## What to produce
Every line of the listing below is to be repeated exactly; the pictures stay out.

## Given information
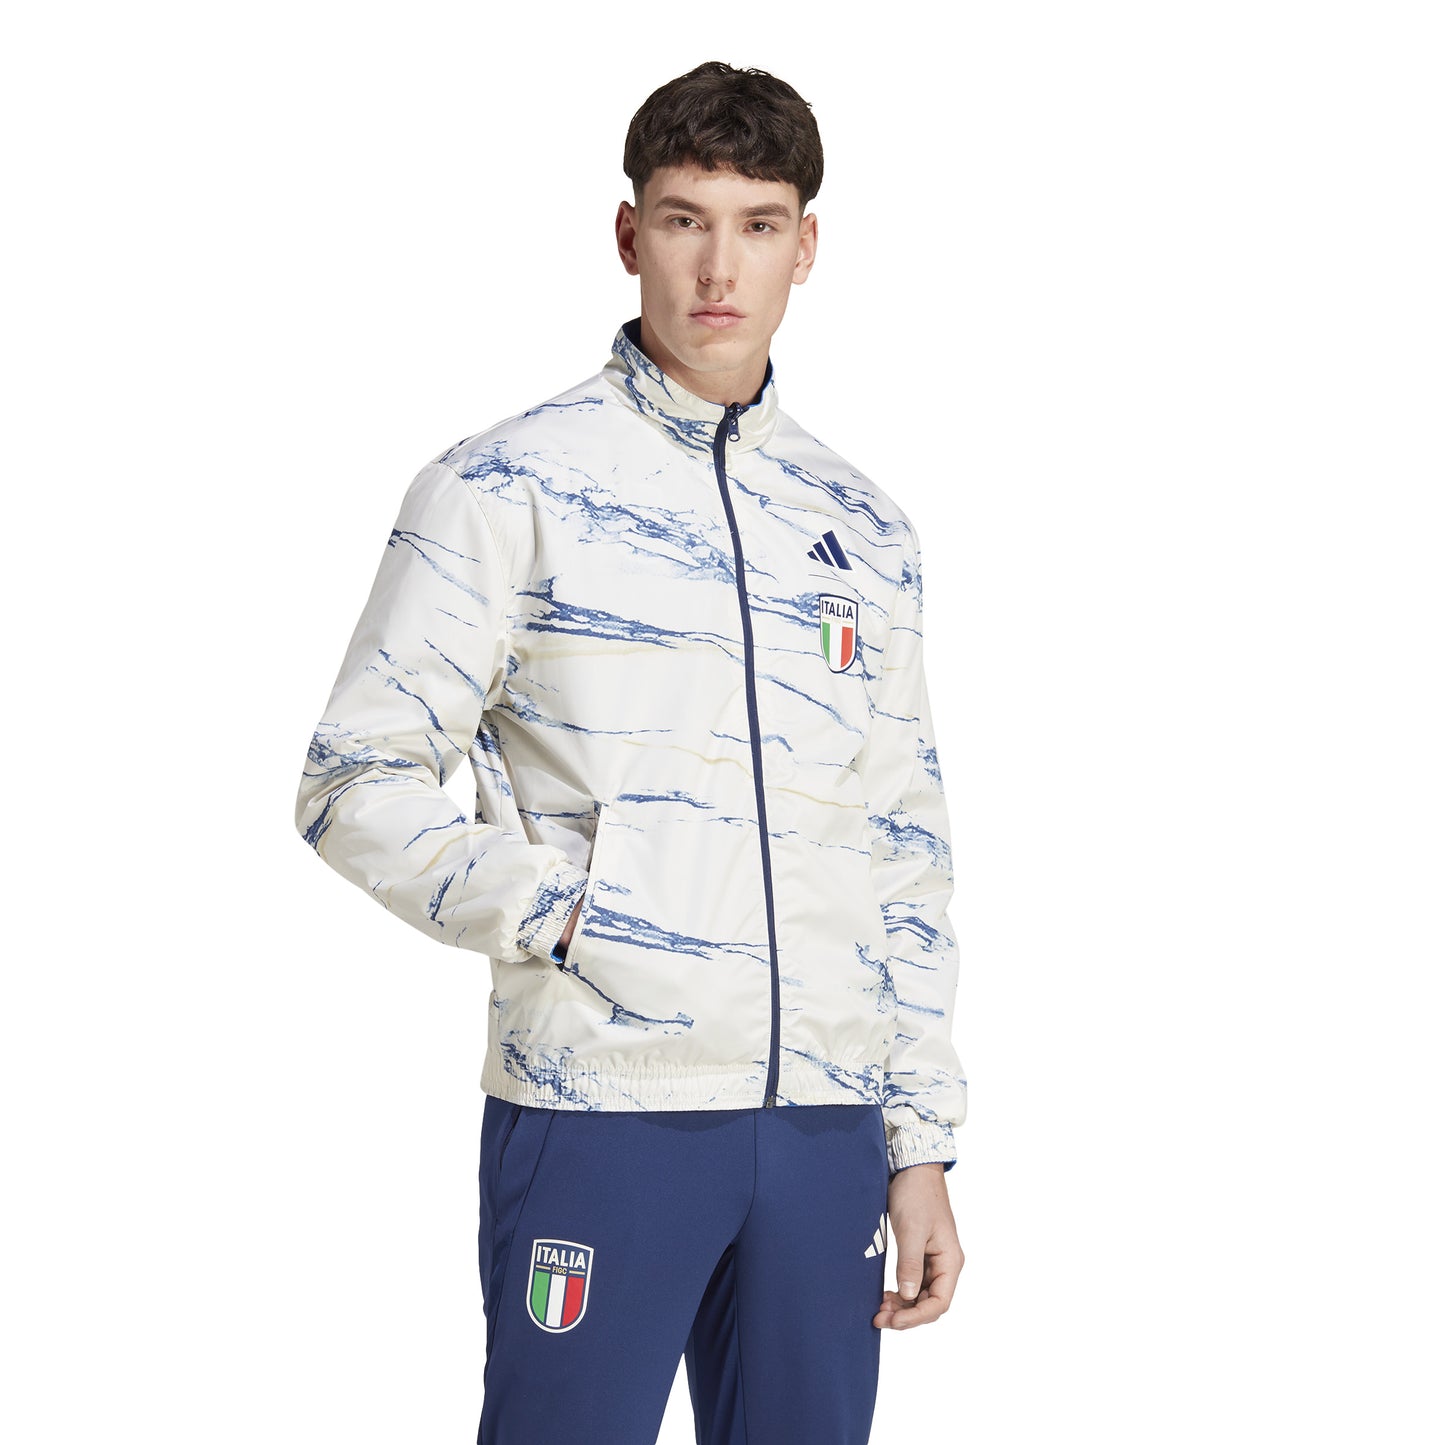 Adidas Italy Anthem Jacket
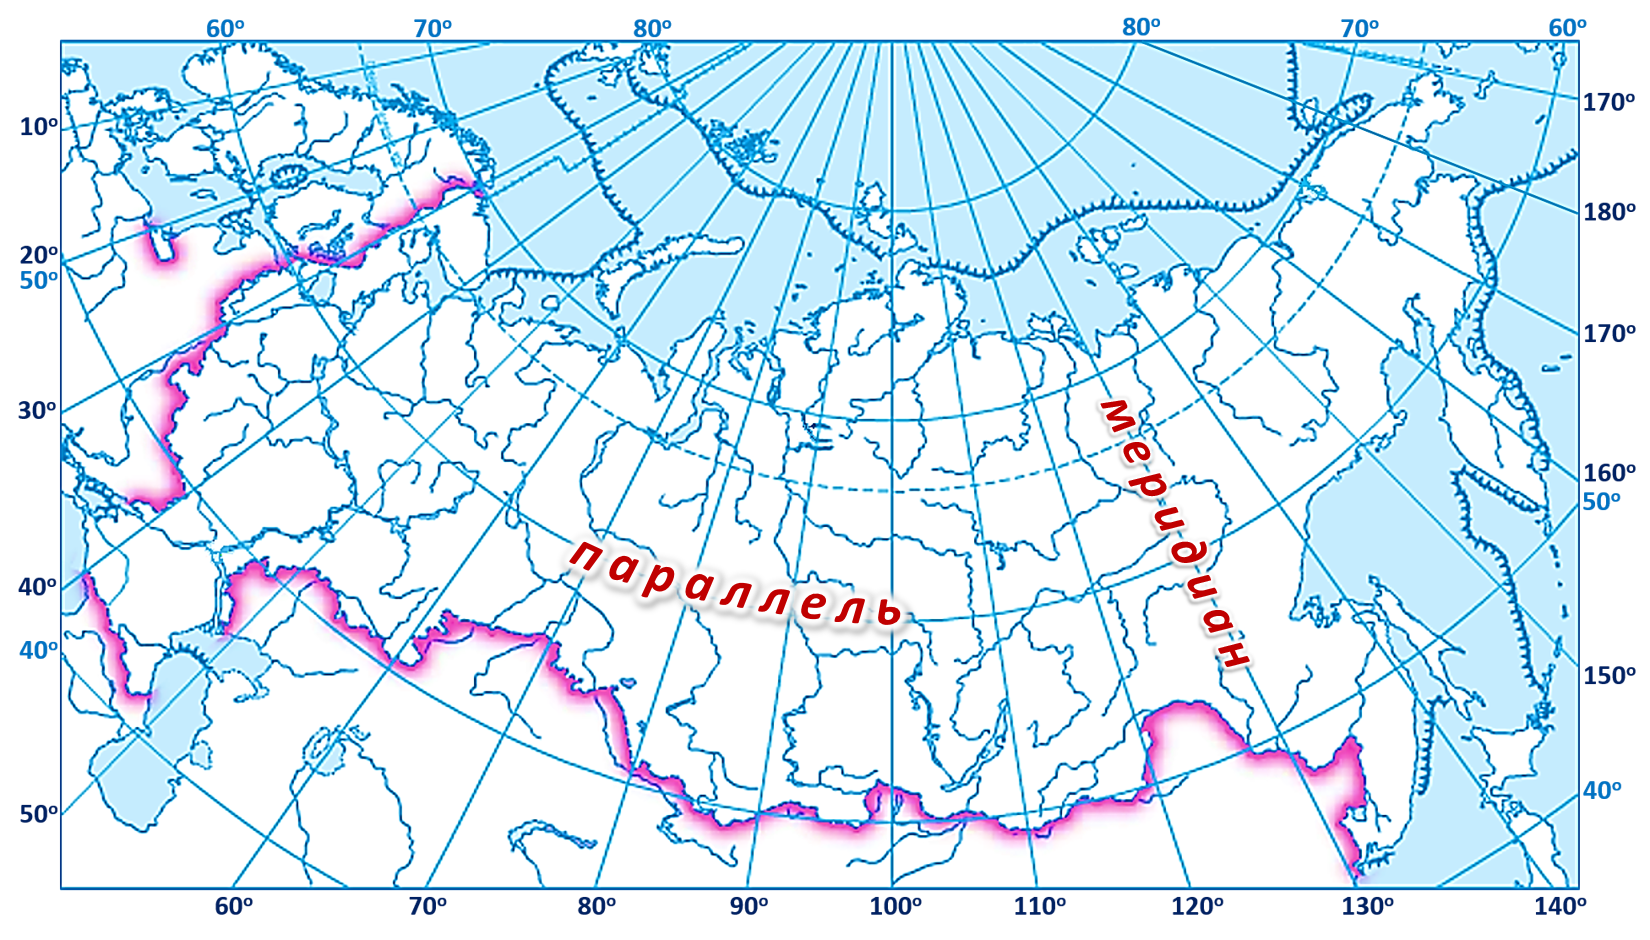 60 Параллель 60 Меридиан на карте. Карта России с градусной сетью. Карта России с широтой и долготой и городами. Широта 60 градусов на карте России.
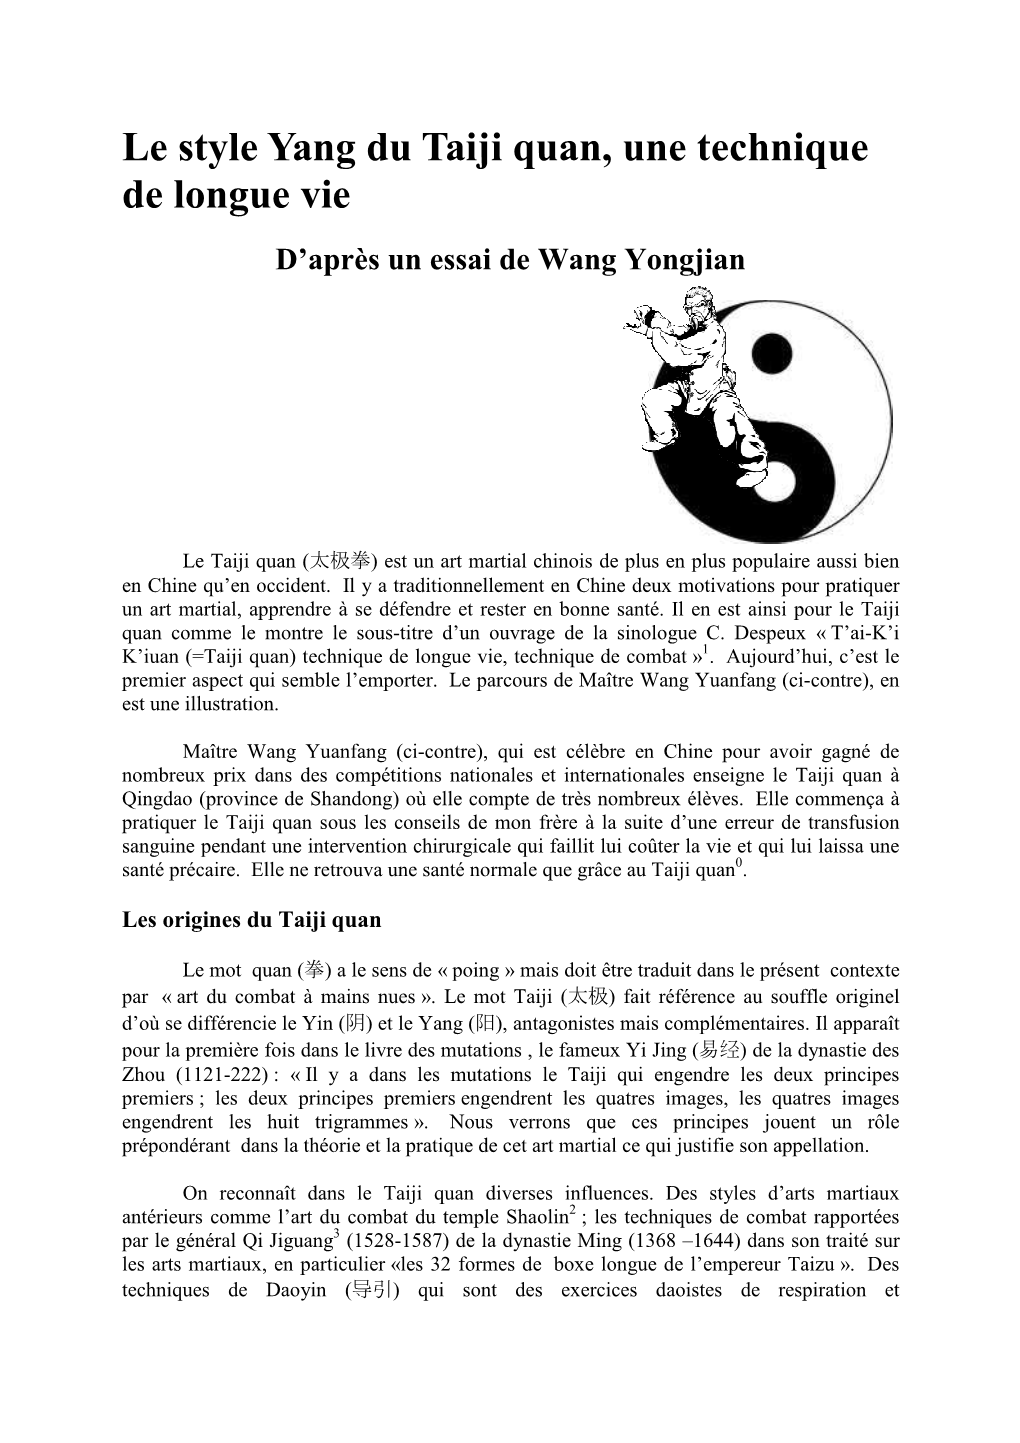 Le Style Yang Du Taiji Quan, Une Technique De Longue Vie D’Après Un Essai De Wang Yongjian

## Solution to this exercise
 Adidas Italy Anthem Jacket
 60 Параллель 60 Меридиан на карте. Карта России с градусной сетью. Карта России с широтой и долготой и городами. Широта 60 градусов на карте России.
 Le Style Yang Du Taiji Quan, Une Technique De Longue Vie D’Après Un Essai De Wang Yongjian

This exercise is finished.